How many connections can you run in parrallel from the firefox plugin?

Edoardo Marcora

unread,
Apr 24, 2008, 4:51:48 AM4/24/08
to Google App Engine
I think it caps at 4 max concurrent connections. If I am thinking what
you're thinking, we are going back to the "one query per uuid" issue
at the datastore level. Wouldn't it be great if, instead, we could do
something like Article.gql("WHERE uuid IN :uuids ", uuids=[list of
uuids])???!!!

Dado

"On Apr 24, 1:34 am, "Brett Morgan" <brett.mor...@gmail.com> wrote:

Brett Morgan

unread,
Apr 24, 2008, 7:53:59 AM4/24/08
to google-a...@googlegroups.com
Actually, what I was wondering is if you have any need for server side
intelligence at all.

You have an intelligent client that is parsing the page, and figuring
out a list of unique identifiers.
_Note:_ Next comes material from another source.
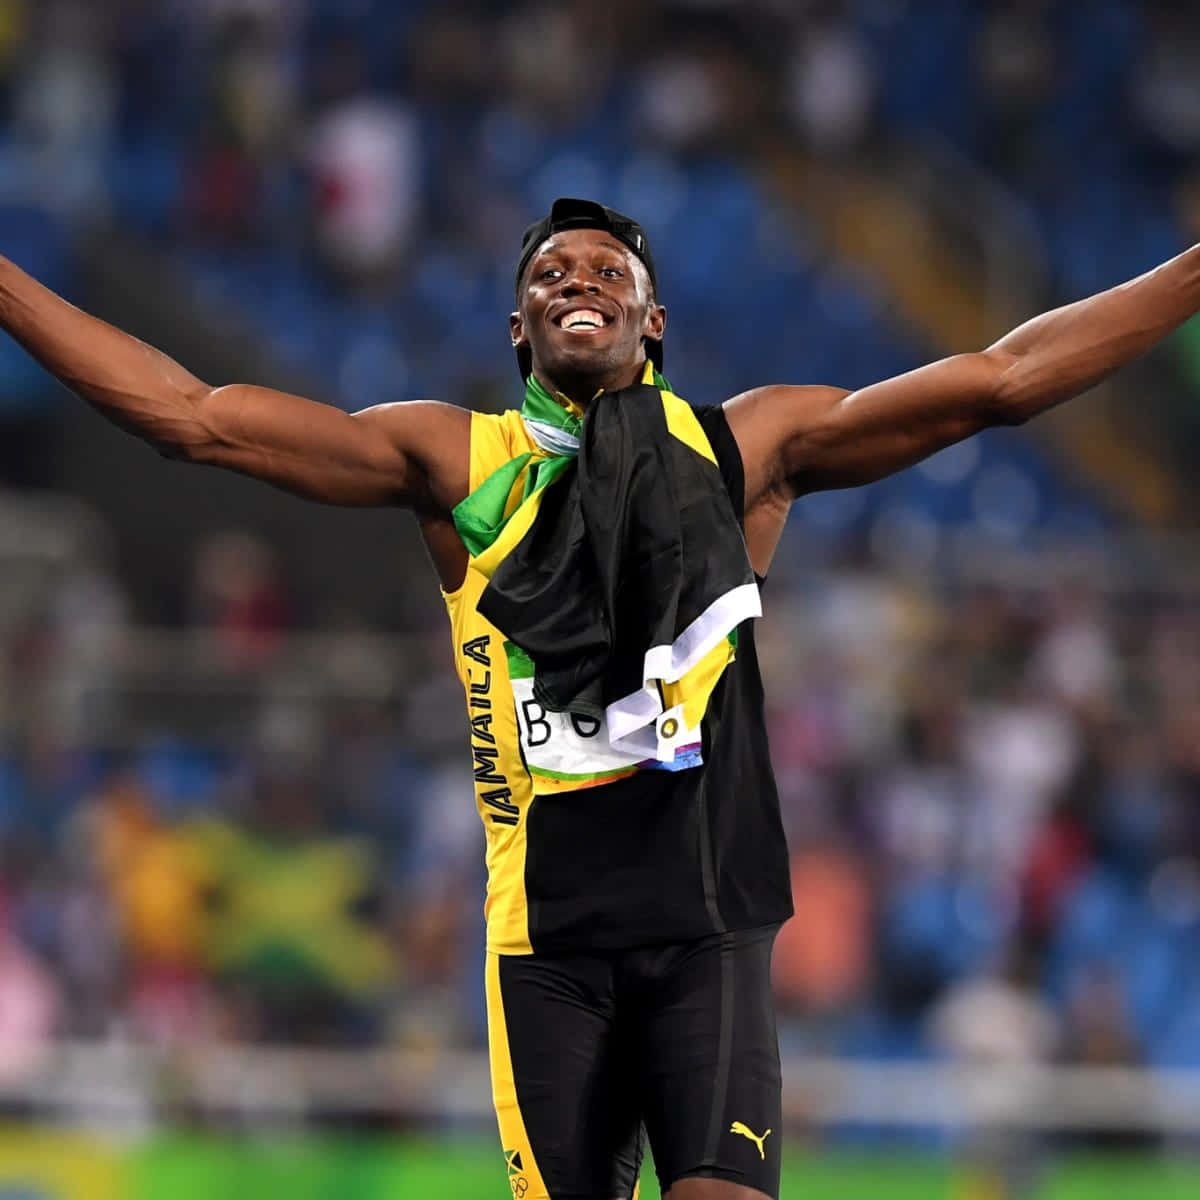 Usain Bolt Running And Cheering Wallpaper

You then want information keyed by
each identifier to augment the page. GreaseMonkey style, i'm guessing.

So, what intelligence do you need server side?

I'd be thinking the most important thing server side is to get the
bits shipped quickly. What I'd do is publish information about each
unique id in it's own file. Formatted as json for ease of use on
client side. And a json formatted manifest file recording that you can
use client side to map from the uuids to server side urls. Then spread
them out across a bunch of virtual servers www[1..50].host.com. That
means you can fire as many parrallel requests (across the different
virtual hosts) so as to pull it all down. It looks like you have a
question of byte shipping.

Amusingly enough I was just reading in jwz's livejournal that the
original netscape code had a magic hostname that it did exactly the
above trick to get load balancing. Ahh, nostalgia. Client side load
balancing. Heh.

But even if you do want to stick with gae for what ever set of
reasons, I kinda doubt that query performance is going to hurt you.
Where I expect you to hurt is the 500meg disk space limitation...

Filip

unread,
Apr 24, 2008, 8:18:22 AM4/24/08
to Google App Engine
Has anybody tried this on a reasonable scale? Does it scale?

Filip
> > > software development blog:http://bpfurtado.livejournal.com- Tekst uit oorspronkelijk bericht niet weergeven -
>
> - Tekst uit oorspronkelijk bericht weergeven -

Brett Morgan

unread,
Apr 24, 2008, 8:43:26 AM4/24/08
to google-a...@googlegroups.com
On Thu, Apr 24, 2008 at 10:18 PM, Filip <filip.v...@gmail.com> wrote:
>
> Has anybody tried this on a reasonable scale? Does it scale?
>
> Filip
>

Depends what yo mean by perform. =)

Each new entity you reference is another instance you are pulling from
DataStore, with the overhead of finding it on the cluster and moving
it across the wire to your appserver.

Filip

unread,
Apr 24, 2008, 10:50:25 AM4/24/08
to Google App Engine
Exactly, so the approach doesn't scale at all.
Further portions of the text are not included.